In the landslide election of 1892, when voters elected Democrat Grover Cleveland to the White House for the third time (he won the popular vote in 1888 but lost in the electoral college) and put Democrats in charge of the House of Representatives and the Senate, Republicans insisted that the economy would collapse. The previous administration, that of Republican Benjamin Harrison, had openly and proudly worked for businessmen, and Republicans maintained that losing that administration would be a calamity. Democrats, the Republicans insisted, were really socialists and anarchists who wanted to destroy America.
As Republican newspapers predicted an impending collapse, fearful investors pulled out of the market. Although economic indicators were actually better in 1892 than they had been for years, as soon as Cleveland was elected, the nation seemed to be in terrible trouble. Money began to flow out of the stock market, and the outgoing Harrison administration refused to reassure investors. By February 1893 the stock market was paralyzed.
In mid-February, financier J. P. Morgan rushed to Washington to urge Harrison to do something, but the calm of the administration men remained undisturbed. Secretary of the Treasury Charles Foster commented publicly that the Republicans were responsible for the economy only until March 4, the day Cleveland would take office. His job was to “avert a catastrophe up to that date.”
He didn’t quite manage it. On Friday, February 17, the stock market began to collapse. By February 23 the slaughter was universal. Investors begged Harrison to relieve the crisis, but with only eight days left in his term, Harrison and his men maintained that nothing important was happening. The secretary of the Treasury spent his last few days in office sitting for his portrait. The New York Times noted that “[i]f the National Treasury Department had been retained especially to manufacture apprehension and create disturbance it could not have done more effective work.”
Secretary Foster had one more parting shot. When he handed the Treasury Department off to his Democratic successor, he told the newspapers that “the Treasury was down to bedrock.”
When Cleveland took office on March 4, 1893, a financial panic was in full swing. As he tried to negotiate that crisis, Republicans sagely told voters the crash was the result of the Democrats’ policies. When Democrats turned to an income tax so they could lower the tariffs that were hurting consumers, Republicans insisted they were socialists. When unemployed workers and struggling farmers marched on Washington to ask for jobs or launched railroad strikes, Republicans insisted that Democrats stood with the mob, while Republicans were the party of law and order.
Republicans promised voters that they would restore the health of the economy. The 1894 midterm elections reversed the landslide of 1892, giving Republicans 130 more seats in the House—a two-thirds majority—and a majority in the Senate. The economy had begun to recover before the election, and that uptick continued. The Democrats had plunged the country into a panic, the Chicago Tribune reported, but now “American manufacturers and merchants and business-men generally will draw a long breath of relief.”

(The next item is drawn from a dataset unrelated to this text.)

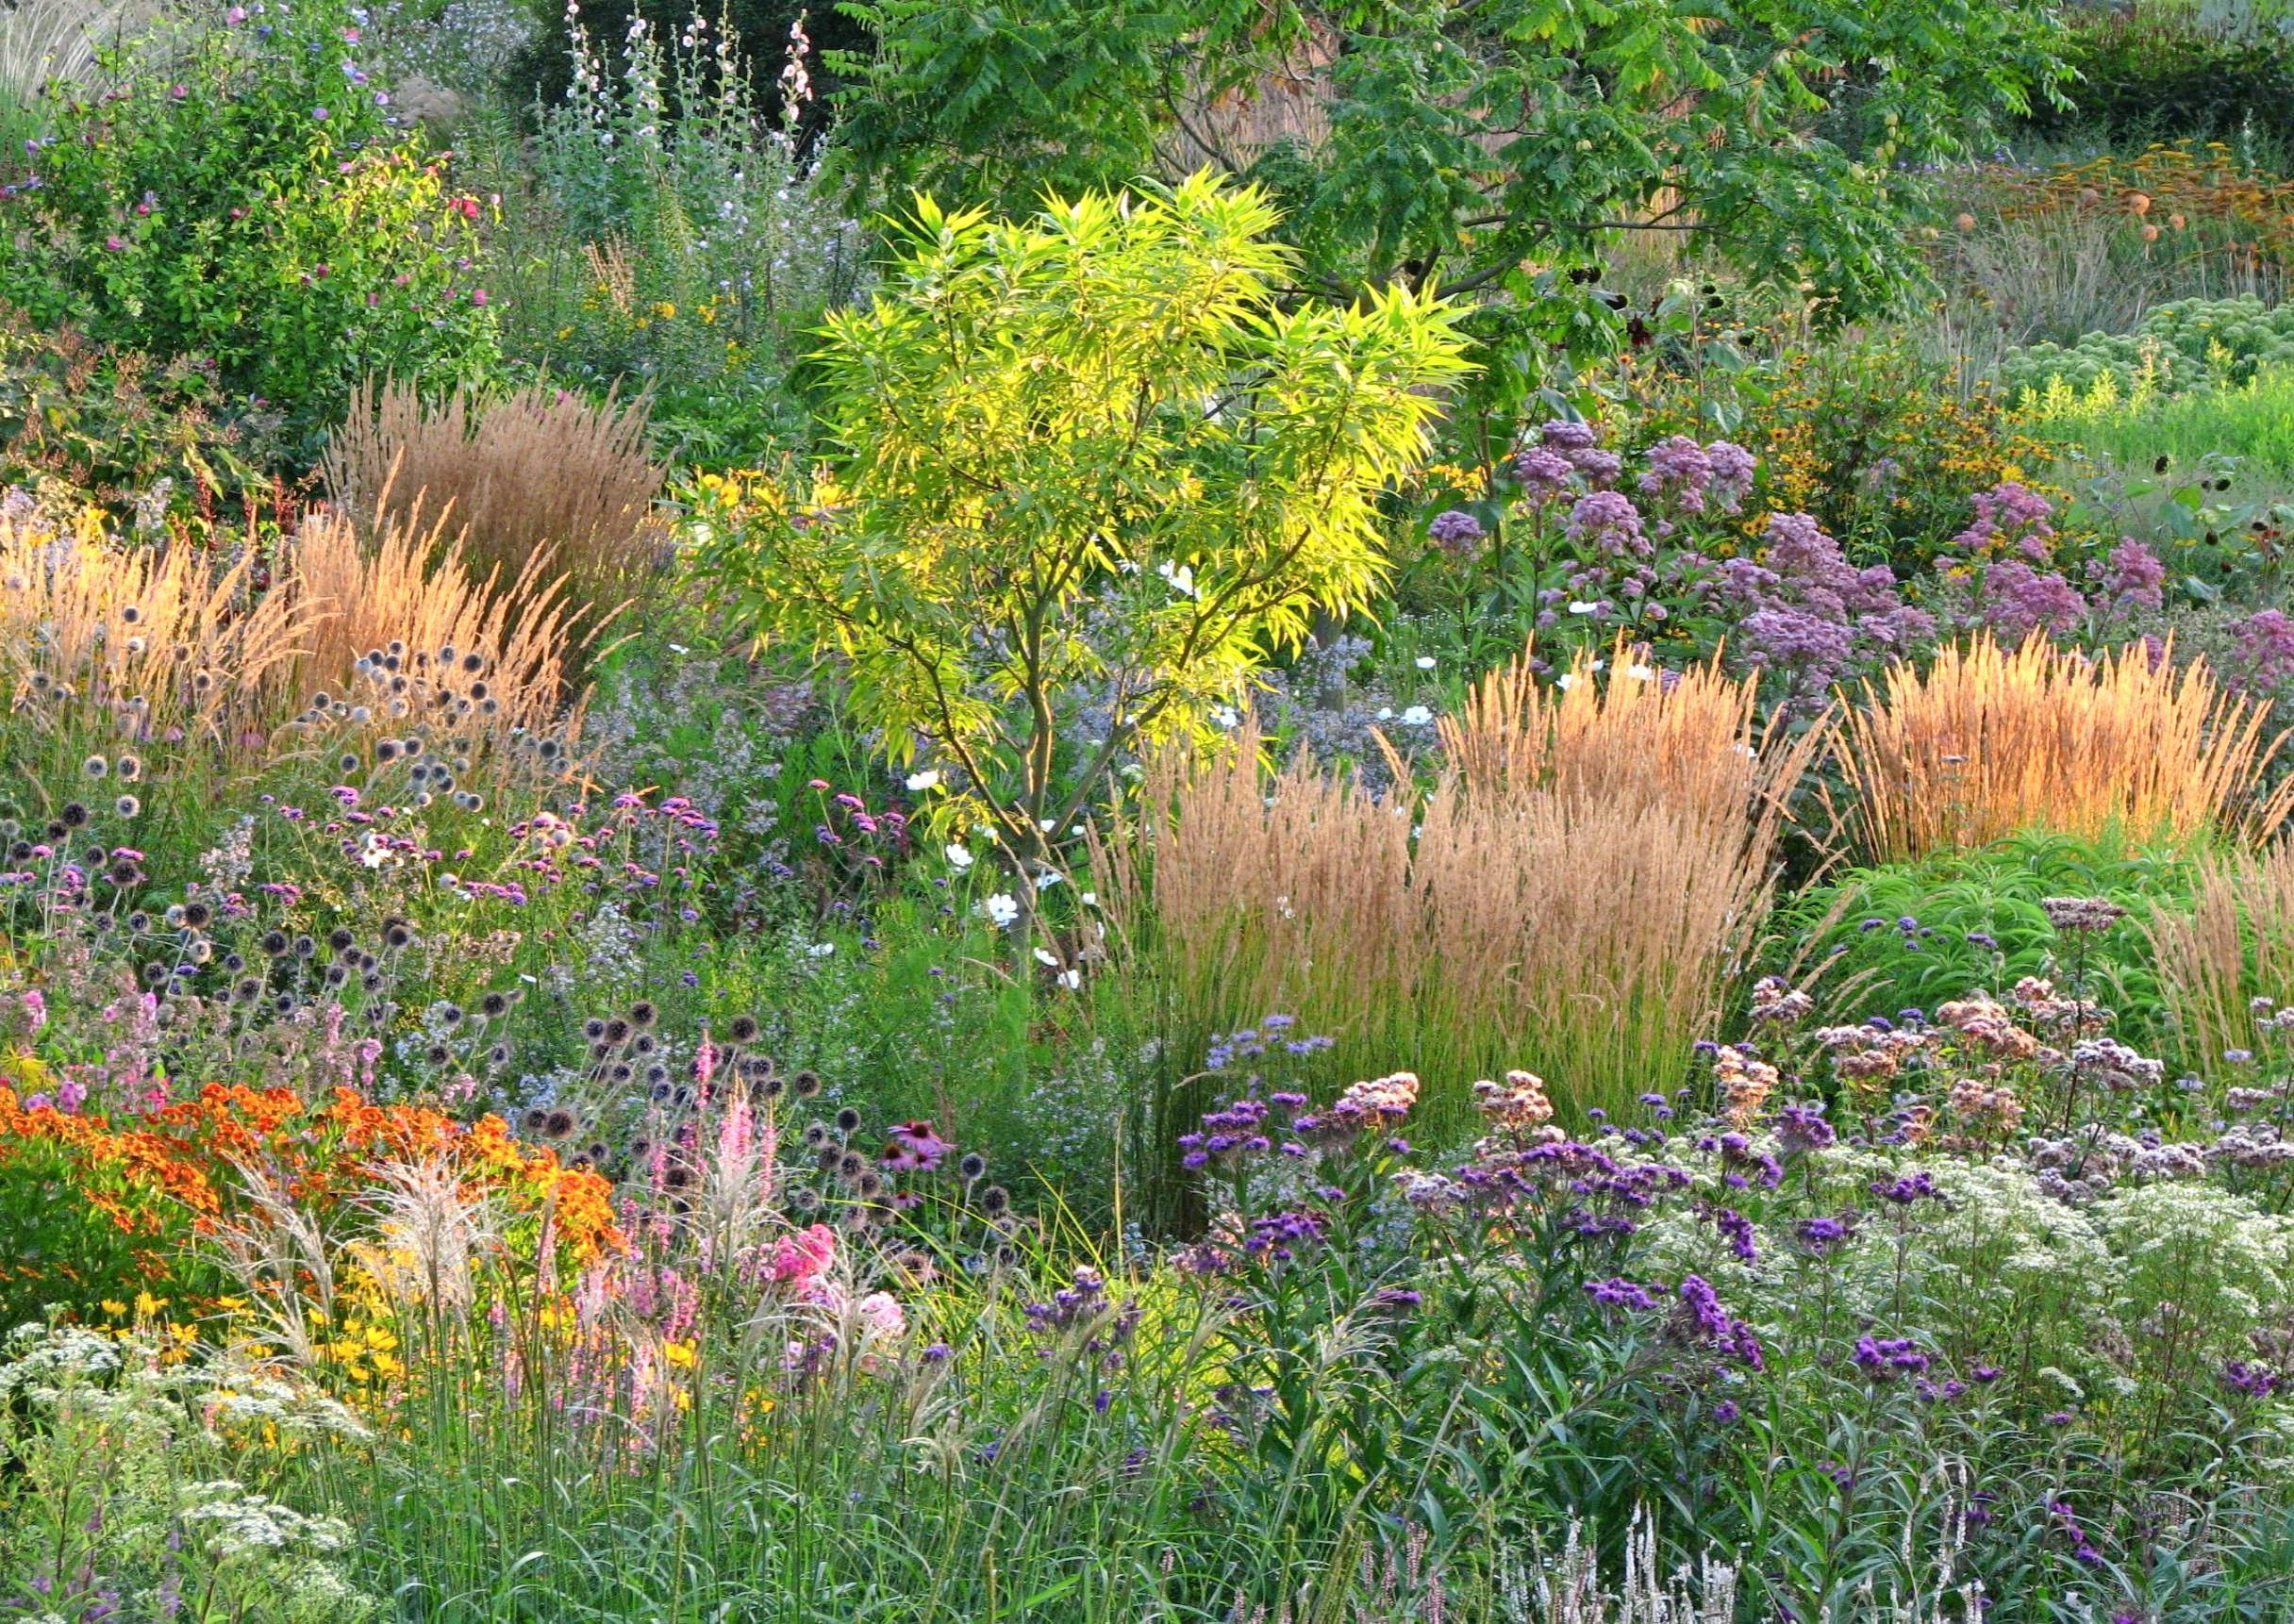 Wenn andere Pflanzen schlapp machen, bringen Präriepflanzen Farbe in den Garten: Etwa das europäische Sandrohrgras, kombiniert mit hohen Präriestauden wie Vernonie, Sonnenbraut und Purpurdost. Fotos: dpa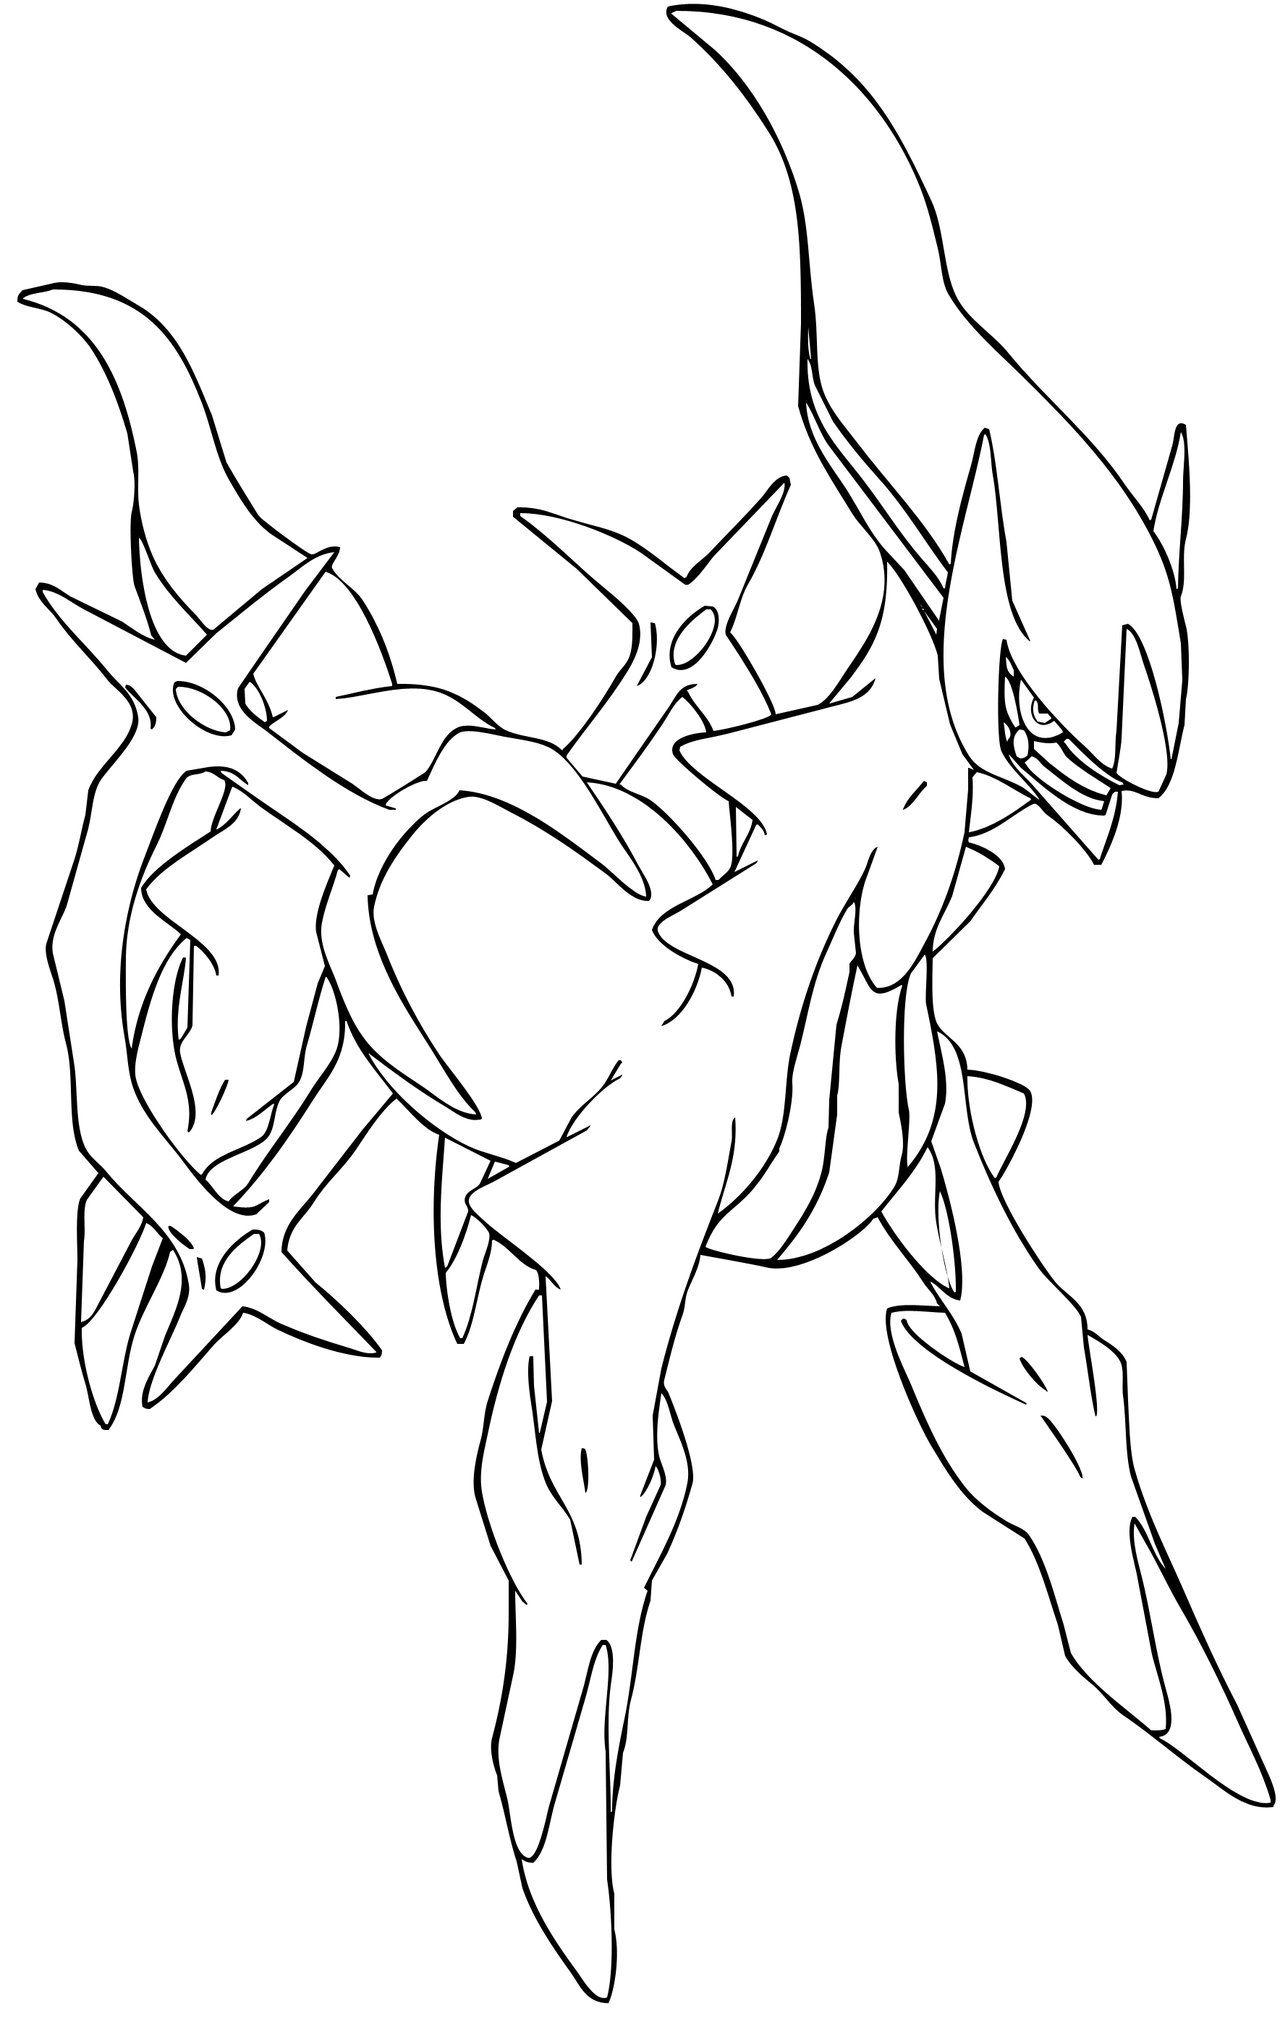 Coloriage De Pokemon Arceus Imprimer Et Obtenir Une

How the media covers events matters.
Allison Fisher of Media Matters reported today that with the exception of MSNBC, national television news failed to cover the extraordinary story reported by Josh Dawsey and Maxine Joselow on May 9 in the Washington Post that Trump had told oil executives that if they gave $1 billion to his campaign, he would get rid of all the regulations the Biden administration has enacted to combat climate change.
In the 1920s, President Warren G. Harding’s secretary of the interior, Albert Fall, went to prison for a year for accepting a $385,000 bribe from oilman Edward L. Doheny in exchange for leases to drill for oil on naval reserve land in Elk Hills and Buena Vista, California, and Teapot Dome, Wyoming. Fall was the first former cabinet officer to go to prison, and the scandal was considered so outrageous that “Teapot Dome” has gone down in U.S. history as shorthand for a corrupt presidency.